Hoy en día, el barrio del antiguo gueto alberga la Gran Sinagoga de Roma y se conserva un fragmento del muro, integrado en el muro de uno de los patios de la Piazza delle Cinque Scole. Ahora es uno de los barrios más encantadores y eclécticos de Roma, con restaurantes que sirven algunos de los mejores platos de la ciudad. Al final del almuerzo llegaron unos amigos Margarita y Ricardo – a los que no conocíamos personalmente sino a través de unos amigos en común -, tomamos café, charlamos y guiados por ellos, buenos conocedores de Roma a pie, pasamos el río y nos fuimos caminando entre calles hasta el Centro Histórico – por Via dei Chiavari, cruzando Corso Emanuele – desembocando en la Piazza Navona. La plaza ocupa el espacio del Stadium de Domiciano, donde los romanos acudían a ver los juegos. Tenía 276 por 106 mt y podía albergar hasta 30 000 espectadores. Los elementos más destacados son las tres grandes fuentes: Fontana dei Quattro Fiumi, la Fontana di Nettunoy la Fontana del Moro.) y la iglesia Sant’Agnese in Agone, además de El Palazzo Pamphili, actual embajada de Brasil, en el que colaboró el arquitecto barroco Borromini.
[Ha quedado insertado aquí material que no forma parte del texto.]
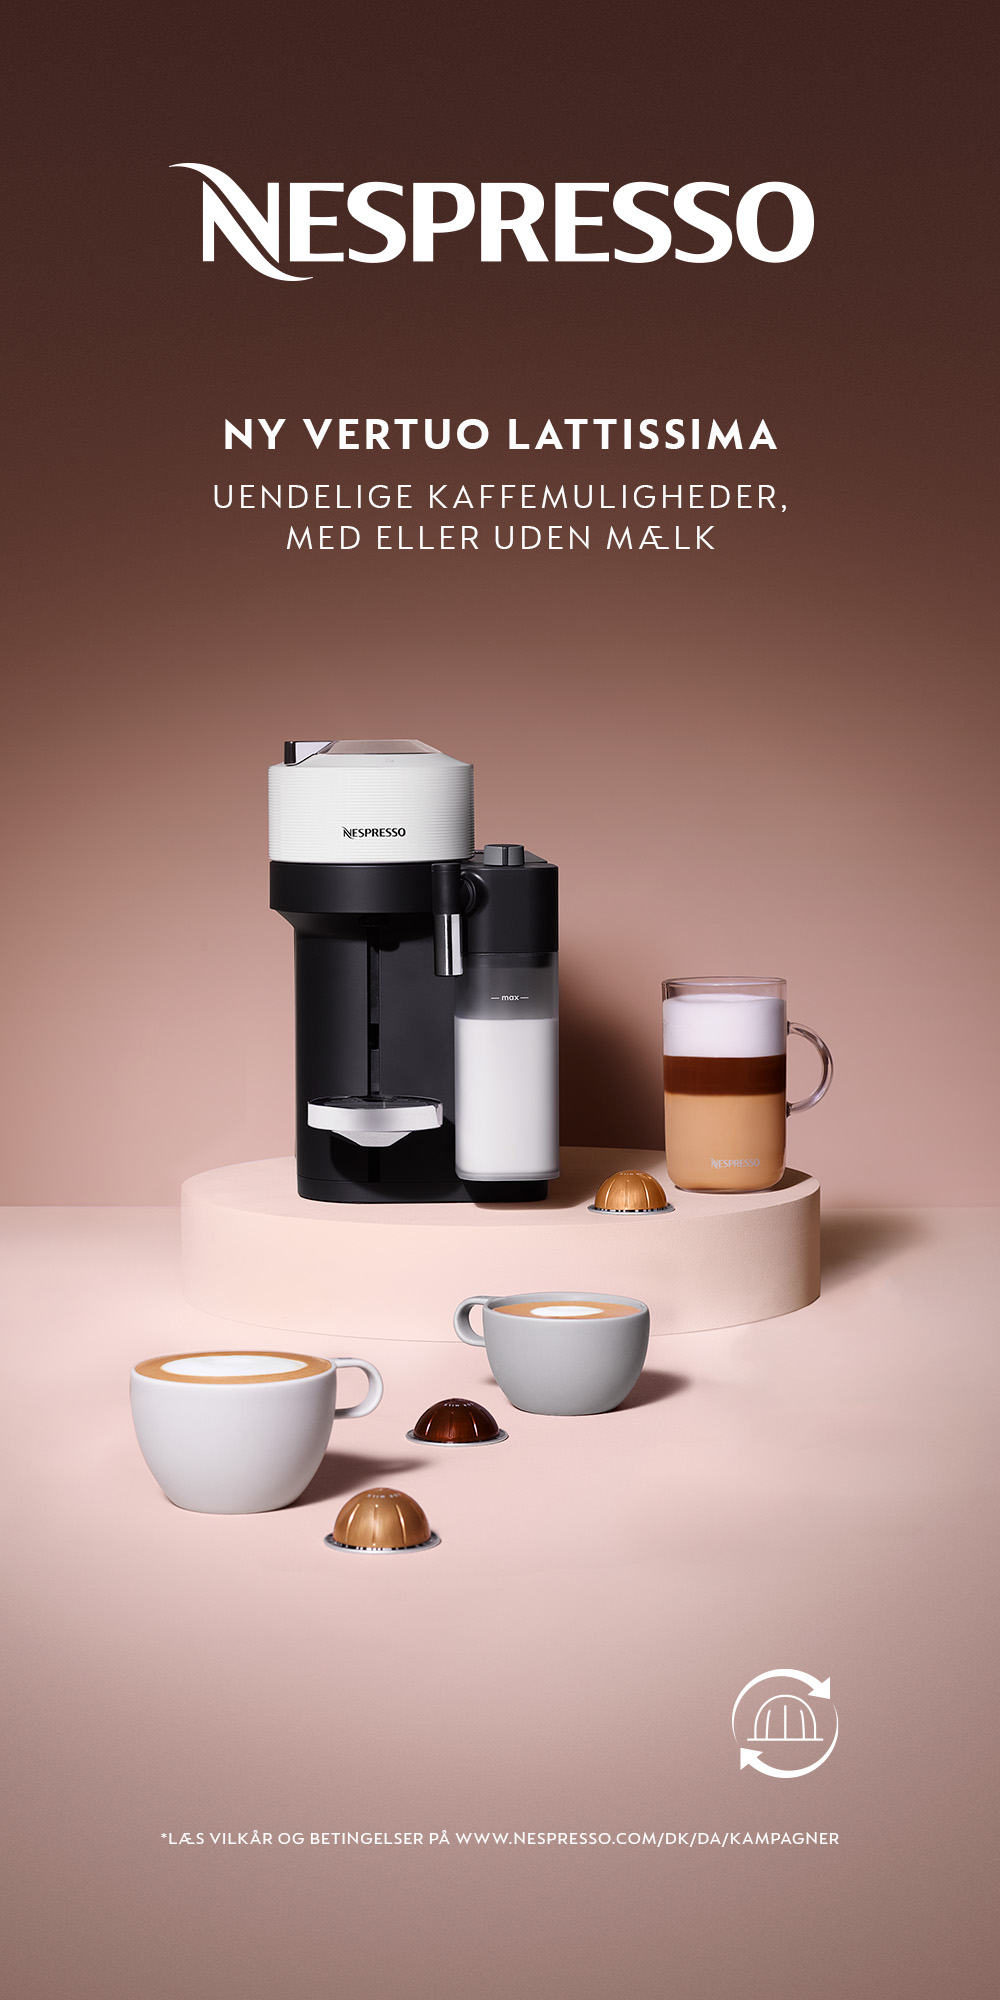 Nespresso Kaffemaskiner | Find alt til din på Magasin.dk

Mucha gente a esa hora de la tarde, en una plaza que ha adecentado sus monumentos – las esculturas de las fuentes han perdido su encanto decadente porque se ven blancas como si fueran nuevas -, turistas de todo pelo, vendedores, saltimbanquis, disfrazados para la foto como en Times Square, terrazas y mucho ruido. Tenemos una hora prevista para regresar a Viterbo y nos vamos en el Bus 64 hasta San Pietro, subimos al tren y en un par de horas estamos en Porta Fiorentina, salimos por la muralla y ¡Oh sorpresa!, por ser domingo, no hay autobuses ni taxis. Gracias al señor de la tienda de quesos al lado de la Porta que llama por teléfono a un taxista amigo suyo, llegamos sanos y salvos a la casa. Los dos días siguientes los pasamos haciendo las últimas compras, conociendo el Ultramercado Pemex, la última novedad, haciendo equipaje, acomodando tres maletas con poca ropa y mucha comida y el miércoles temprano, Massimo nos lleva hasta Orte para tomar el tren que nos lleva directo a Fiumicino. Cuatro horas de espera en Priority Pass, avión de Iberia a Madrid y llegada a las 12 de la noche. De nuevo Priority Pass toda la noche hasta las 11 que parte el avión para Caracas. Menos mal que tenemos habitación para dormir y ducha y durante toda la noche sólo cuatro personas compartimos todo el espacio de la Sala Neptuno, un lujo inesperado. A la hora del despegue, una señora mayor con problemas de respiración – y que dejó sus baterías en casa para su respirador mecánico -, se niega a bajar del avión, llega el capitán, la jefa de la estación de Iberia en Madrid, la abogado de la compañía y todo el personal a coro y nadie la convence. Después de hora y media, con los pasajeros a punto de amotinarse contra la señora, accede a bajar, previo compromiso de hotel, dietas, transporte y cambio para el día siguiente en Business Class. La próxima vez, creo que yo mismo olvidaré las baterías que no tengo, el viejo truco para conseguir ventajas comparativas. Llegamos a Maiquetía, viaje largo, nos espera el taxi y estamos en casa, un alivio. Después de seis semanas llegar a casita es una bendición.